Plus, we’re starting a point in our lives where we would like to build up a source of reliable income. Over 90% of our portfolio is in individual stocks, total stock market or S&P index funds. This has been by design. We wanted to capture the growth side of the market and have been very risk tolerant. We still are heavily invested in stocks and plan to remain that way. However, we will need a reliable source of income and bonds offer that.
But…buying bonds is intimidating
Buying bonds seems pretty intimidating. There’s a whole different nomenclature. Words like par value, investment grade, junk, premium, discount, high yield, coupon etc. And there are many kinds of bonds: corporate bonds, iBonds, savings bonds, treasury bonds, junk bonds, etc. For the scope of this post I want to focus on a particular kind of bond; tax exempt municipal bonds.

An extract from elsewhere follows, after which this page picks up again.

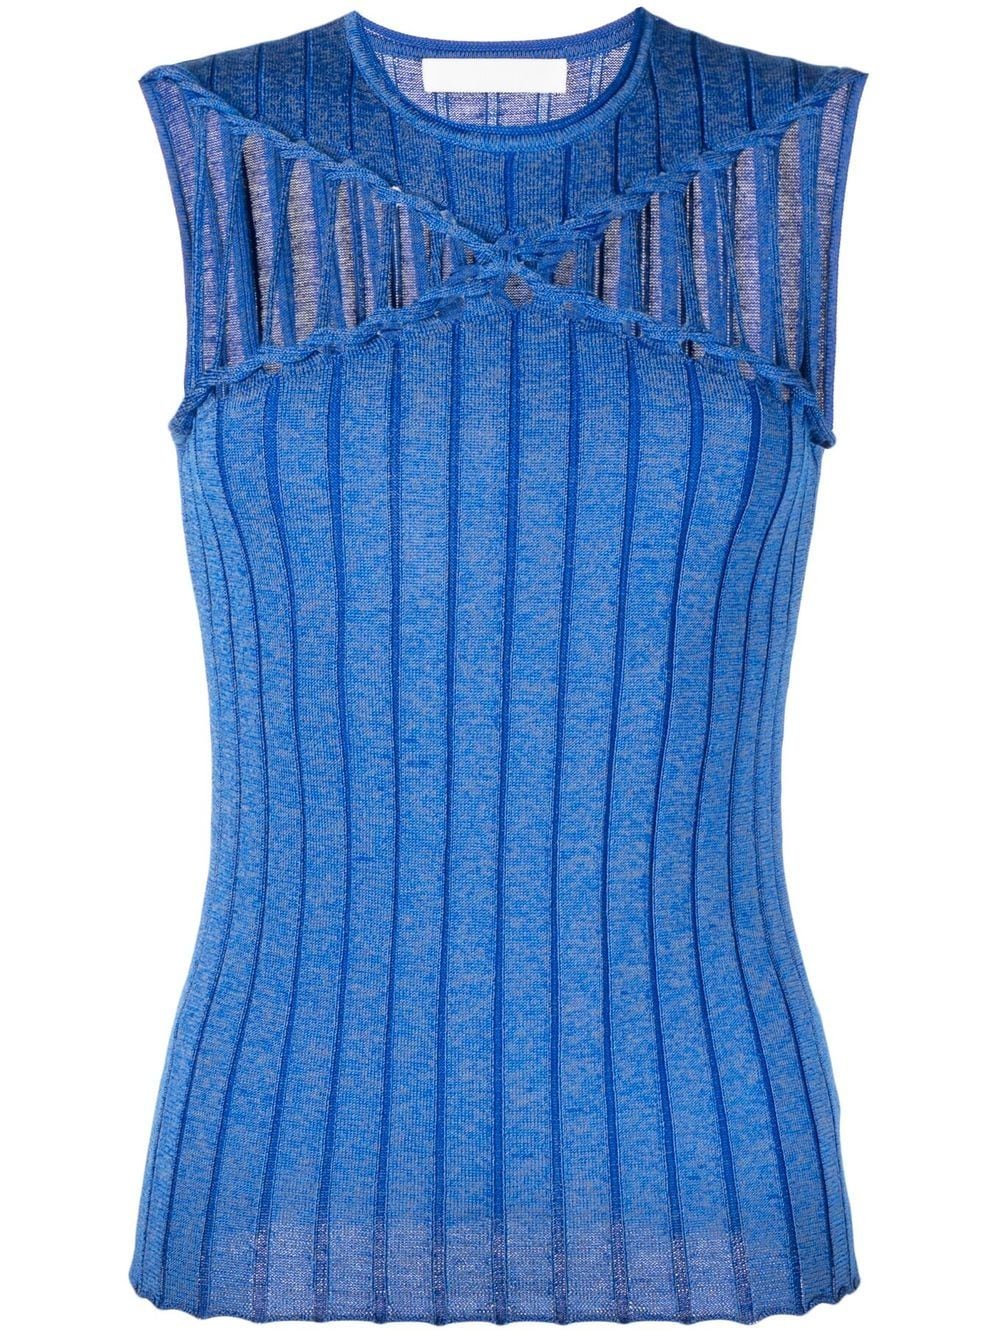 Dion Lee X Braid ribbed knitted top - Blue

Municipal bonds are an often overlooked investment. It’s because they’re difficult to understand, and carry higher risk.
What are municipal bonds?
Municipal bonds, or “munis,” are bonds that are sold by state or local governments to fund various local public projects. Projects like building new schools, roads, water treatment plants, etc. Munis are much like treasury bonds. You’re lending a government entity money in exchange for an interest payment (income). Munis often offer higher interest rates on their bonds. Unlike U.S. federal treasury bonds, they aren’t backed by the full faith and credit of the U.S. government. They are instead backed by local and state governments. Because of this they are considered to have a lot more risk associated with them. There is more risk of not getting your money back or receiving interest payments.
So if there’s more risk why invest in municipal bonds?
The reason you may want to invest in municipal bonds is because they offer a higher interest rate than U.S. treasury bonds. As mentioned, municipal bonds are considered higher risk. Because they are considered higher risk, they have to offer benefits to compensate for that. Often, municipal bonds offer higher yields on their bonds as compensation for being a riskier investment than treasury bonds.
Another benefit on municipal bonds is that their yield (the interest payment you receive for being a bond holder, i.e. income) is tax-exempt at the federal level. Many states also do not tax in-state municipal bond income. If you’re in a high tax bracket, buying municipal bonds could help you create a tax-free source of income. Depending on the state you live in, and the bond, you may not have to pay both federal or state income taxes. That could be huge for those individuals living in high income tax states like New York, New Jersey, Illinois or California (to name a few).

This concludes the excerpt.